The Church of San Jorge of Manzaneda (Spanish: la iglesia de San Jorge de Manzaneda) is a church in Gozón, Spain. It is small in size, but it constitutes a notable example of Asturian Romanesque architecture. It was created during the classical period in the late 12th and early 13th centuries. It is significant for its architecture and its surrounding environment, which has barely changed.

== Architecture ==
Located next to the town Alvaré, in the parish of Gozoniega de Manzaneda, it maintains an area close to the standard measurements for the rural, Romanesque churches of Asturias. It has a singular rectangular nave with no divisions of sections or side chapels. The front of the building has two areas, one inspired by local tradition, and the other has international Roman themes.

Other elements that link the church to the Romanesque are the decorative portions located in various spaces of the temple. The church includes zigzag motifs, a large arch with limited iconographic art, and corbels with human and animal images present in its apse. There are traits that bind the local construction with the simplicity of the church, because there was a scarcity of resources during the construction. It was built using mostly Sillarejo masonry.
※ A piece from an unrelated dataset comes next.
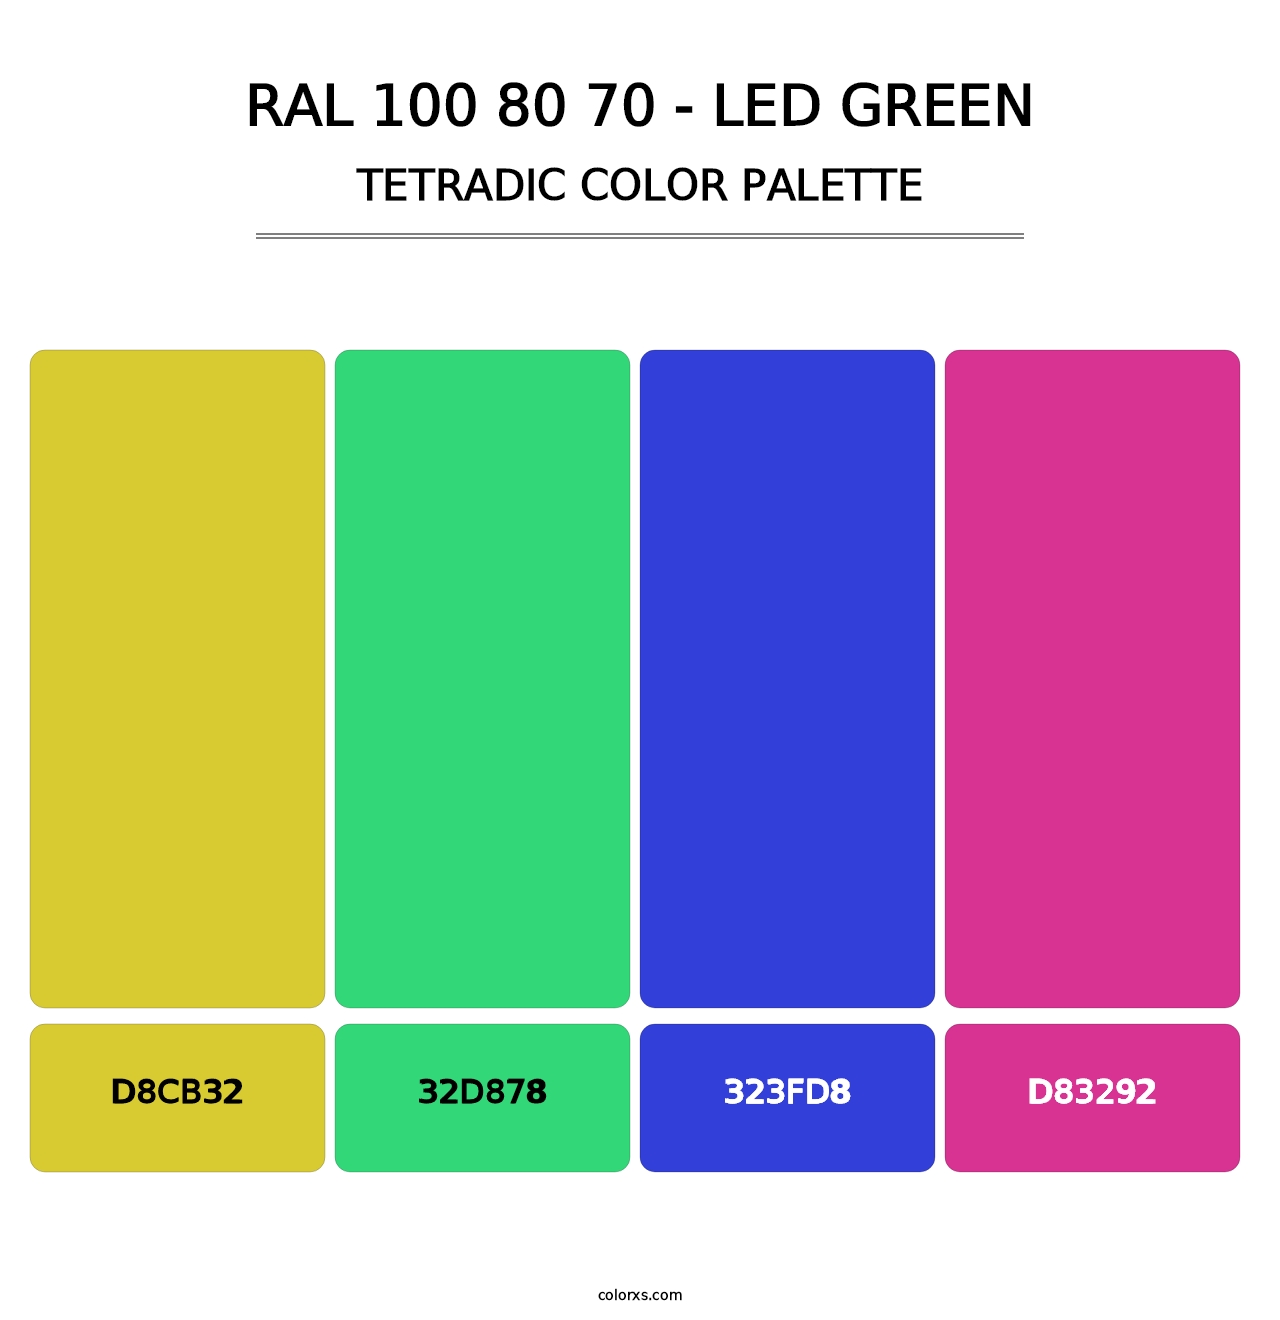 RAL 100 80 70 - LED Green - Tetradic Color Palette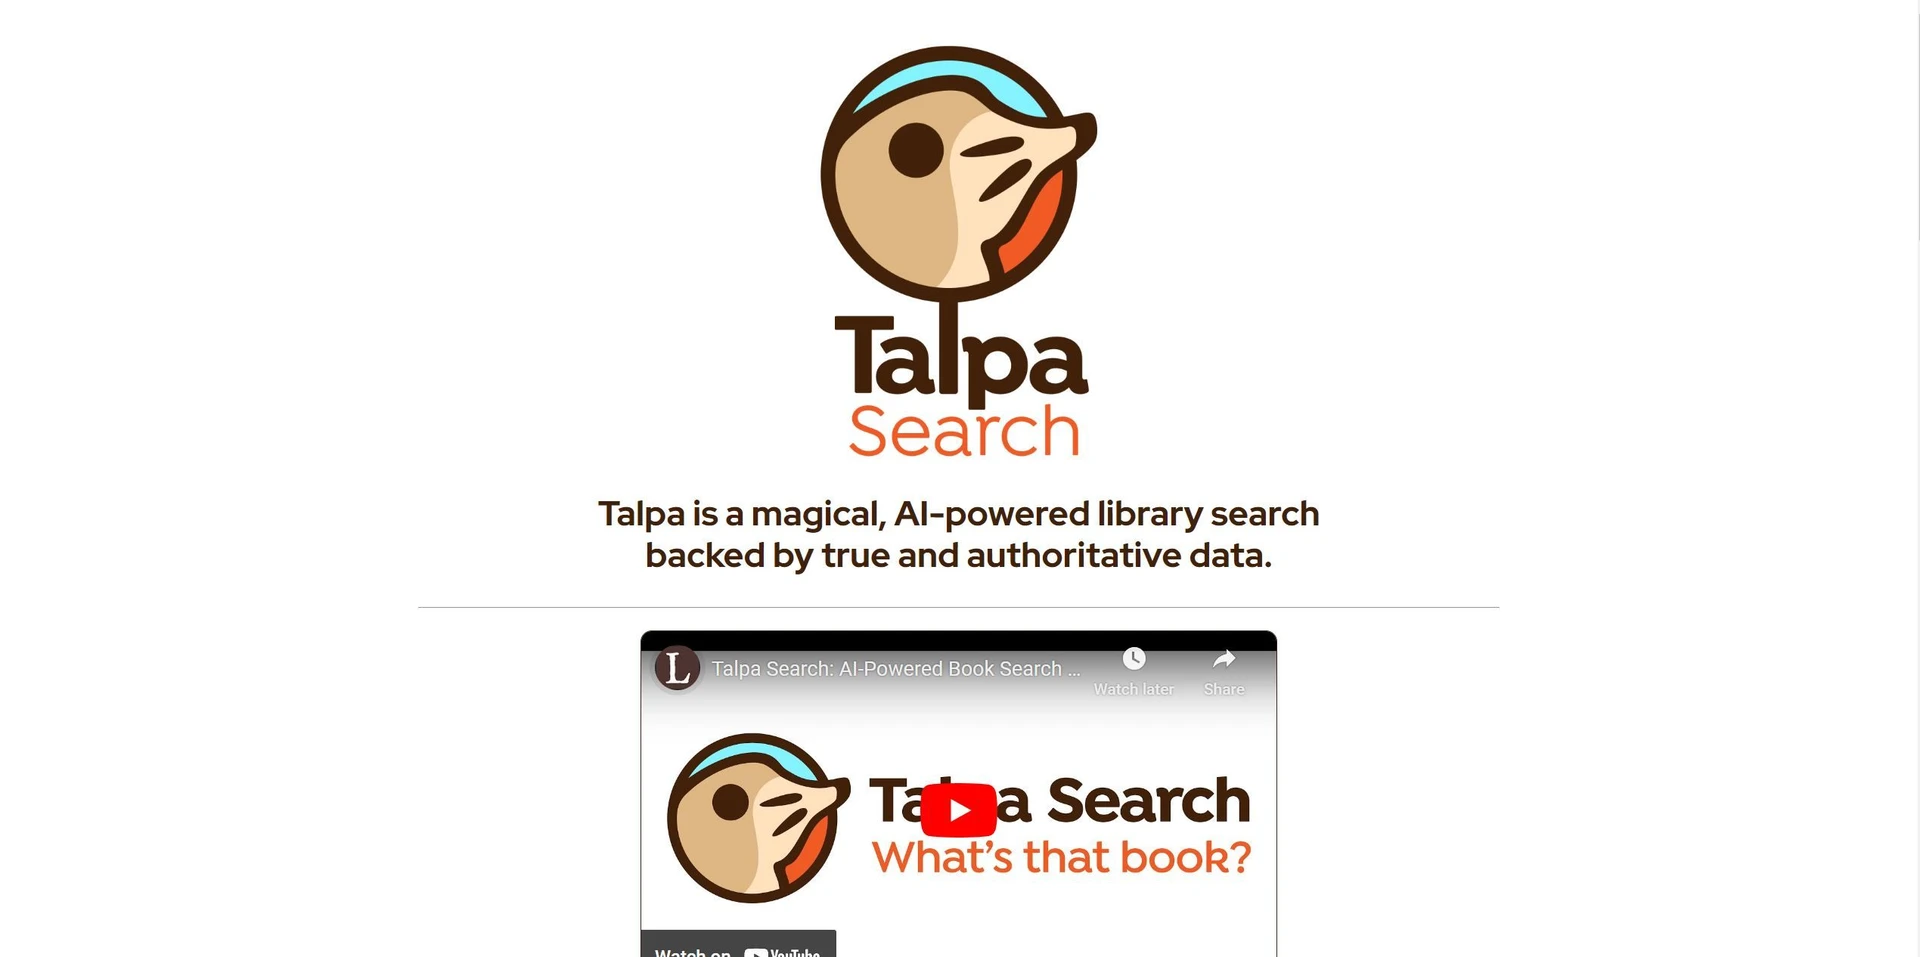 Talpawebsite picture

The rough and irregular walls connect to the decorative elements of local tradition.

The ceiling combines elements of worship that were once popular. A wooden frame surrounds the nave. At the head of the church there is an arch and a barrel vaulted ceiling, behind which is a hemicycle. Historical data on the church is very scarce; there are no documents detailing the construction in spite of its undoubtedly antiquity. Its history is linked to the nearby Palace of Manzaneda. The Palace of Manzaneda is a building from the 17th century, which was developed around a great late medieval tower.

== History ==
The absence of epigraphic documents makes it difficult to date when the building was created; however, it has been concluded that the building was built between the end of the 12th century and the beginning of the 13th century. This was concluded because of the plentiful Asturian Romanesque influence.

The original work has undergone various altercations throughout history, although it is thought to maintain similar dimensions to the original. Small changes were executed over the past centuries, including the addition of a window in the south apse, the closure of a gateway to the south, and the addition of the bell gable in 1774.

The church was burned down during a civil war in 1936, ruining much of the church's content. A great restoration was carried out between 1942 and 1950. In the restoration, they modified the upper parts of the walls in the nave and got rid of the corbels that existed in that area.